**Goal of the exercise**
Where the line with "Amazon.com: 199 Favorite" appears below, start writing out lines exactly, and finish with the line with "5 King's Pork Larb.jpg", which is included; write out nothing else.

*** Opening of Data section ***

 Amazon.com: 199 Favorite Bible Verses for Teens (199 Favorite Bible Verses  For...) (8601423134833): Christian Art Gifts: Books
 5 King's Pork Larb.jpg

*** Close of Data section ***
*** Opening of Data section ***

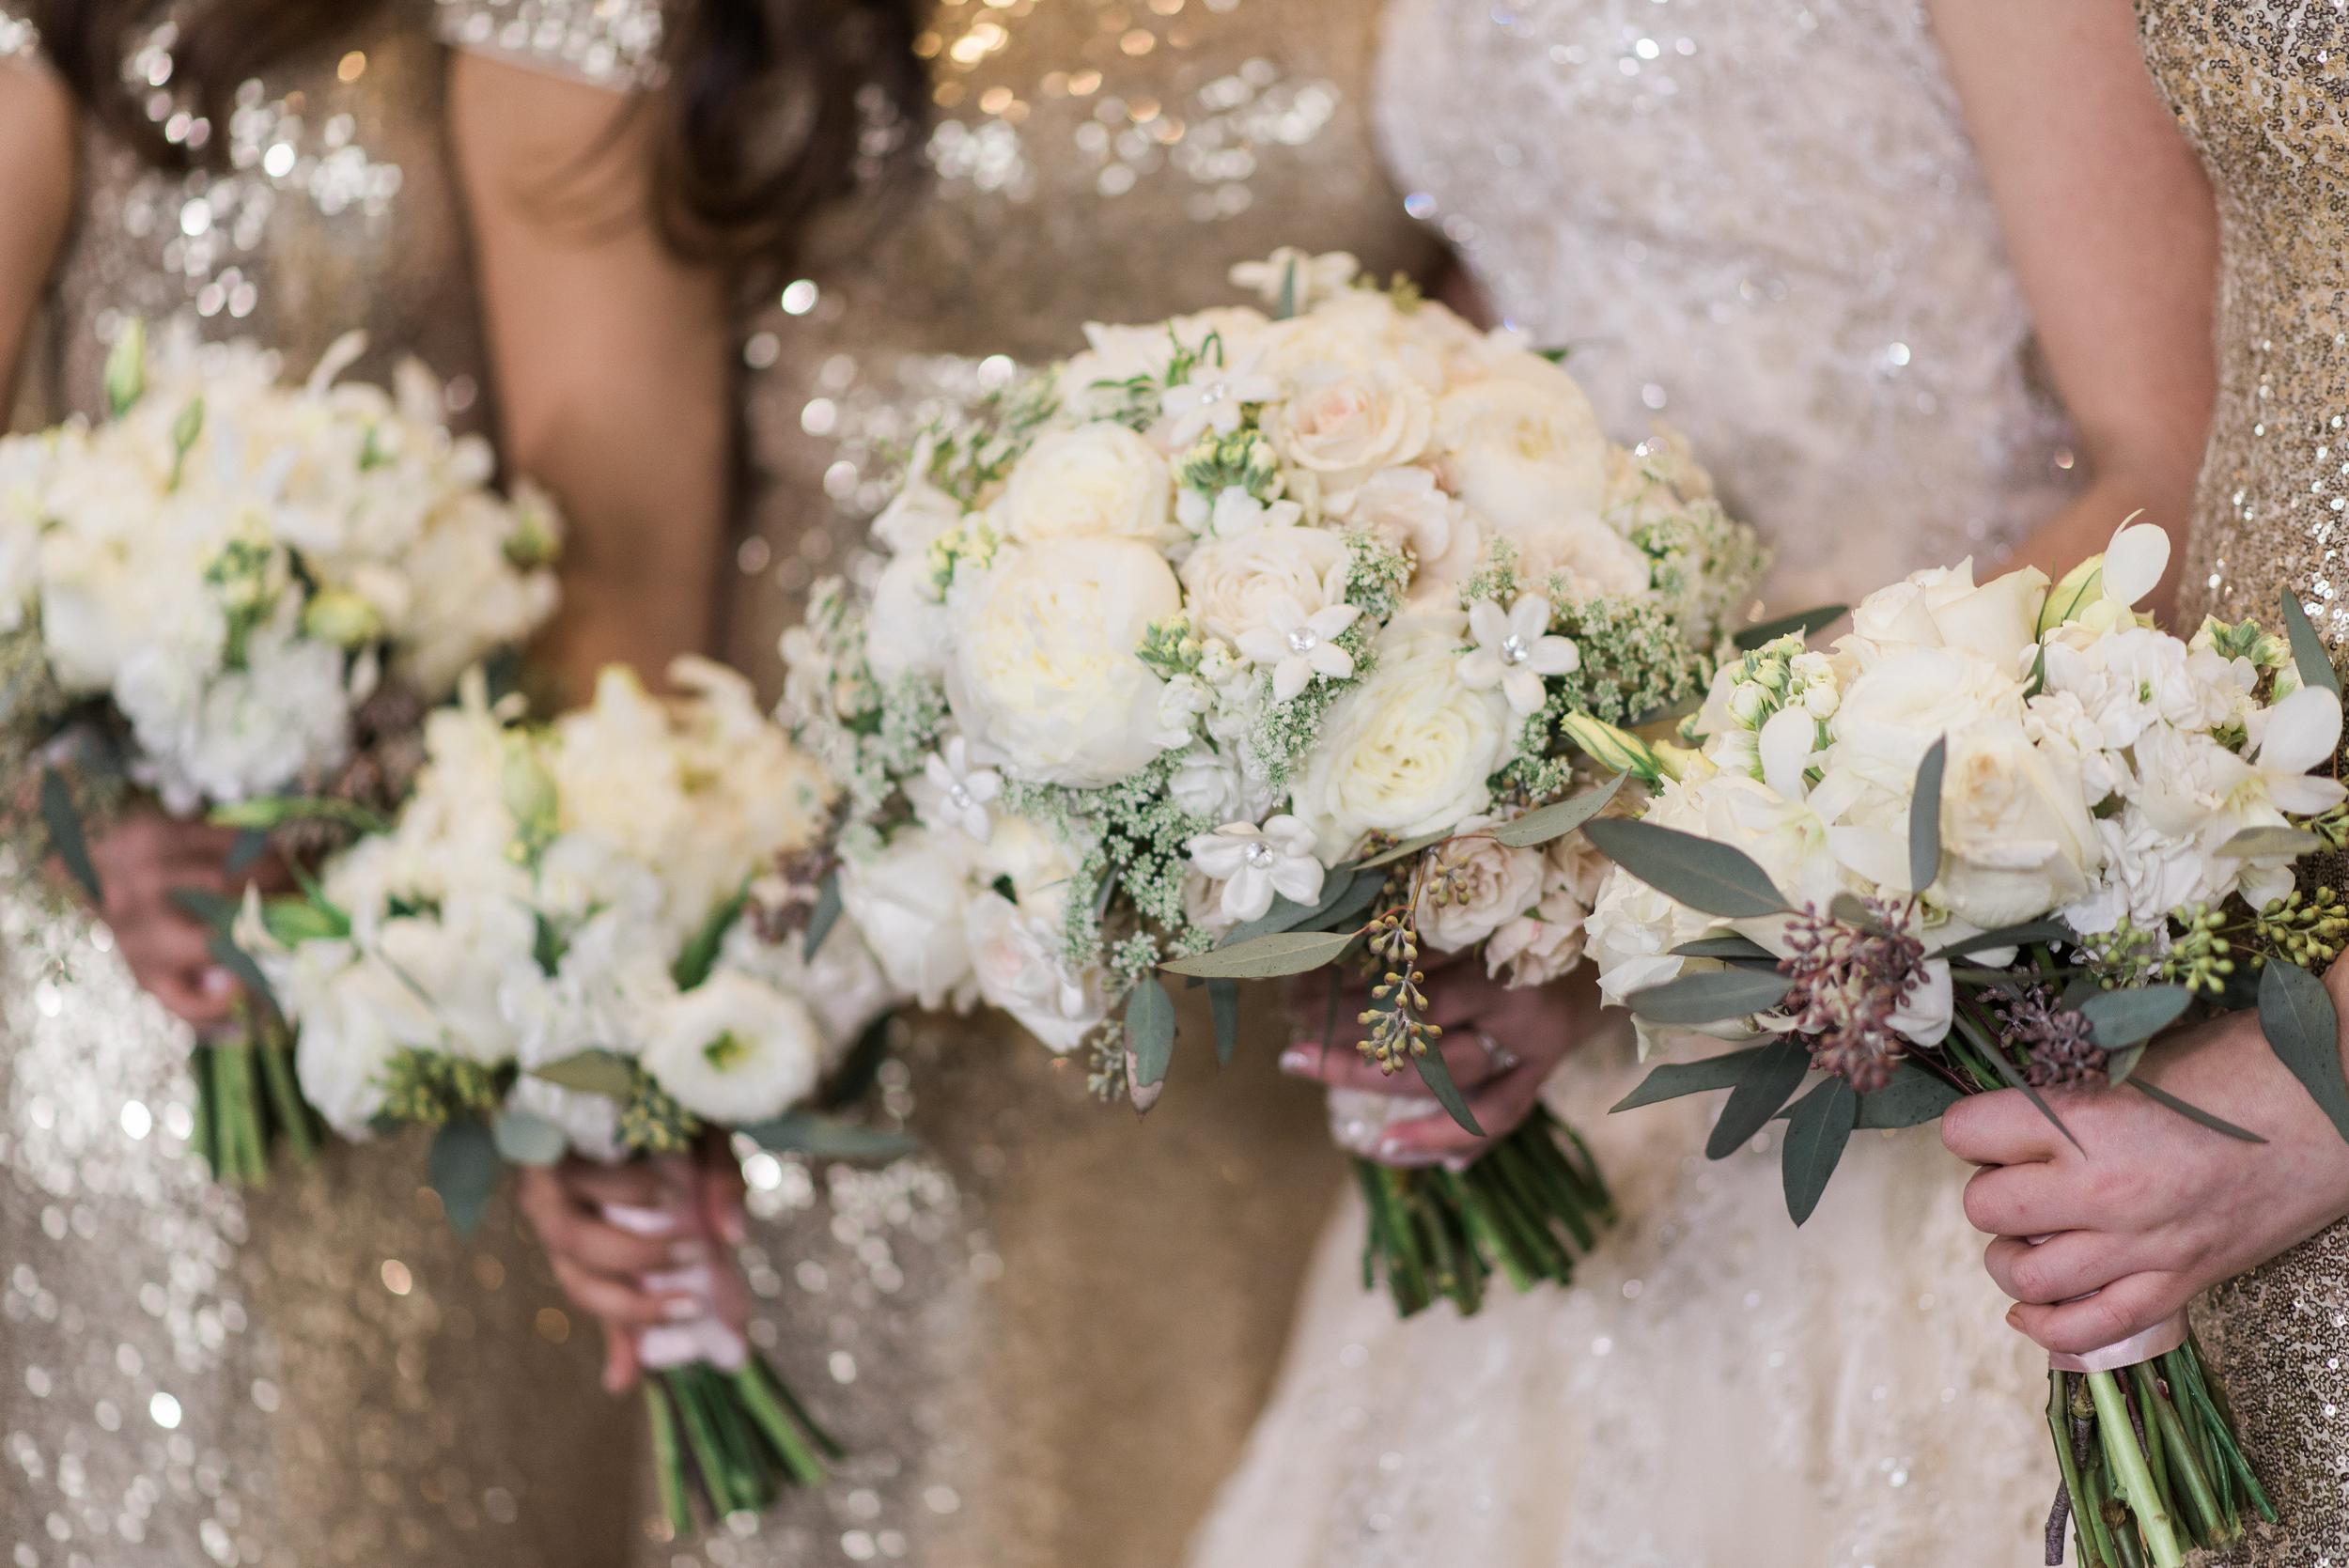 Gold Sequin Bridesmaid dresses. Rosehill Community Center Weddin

*** Close of Data section ***

**Written response**
 Amazon.com: 199 Favorite Bible Verses for Teens (199 Favorite Bible Verses  For...) (8601423134833): Christian Art Gifts: Books
 5 King's Pork Larb.jpg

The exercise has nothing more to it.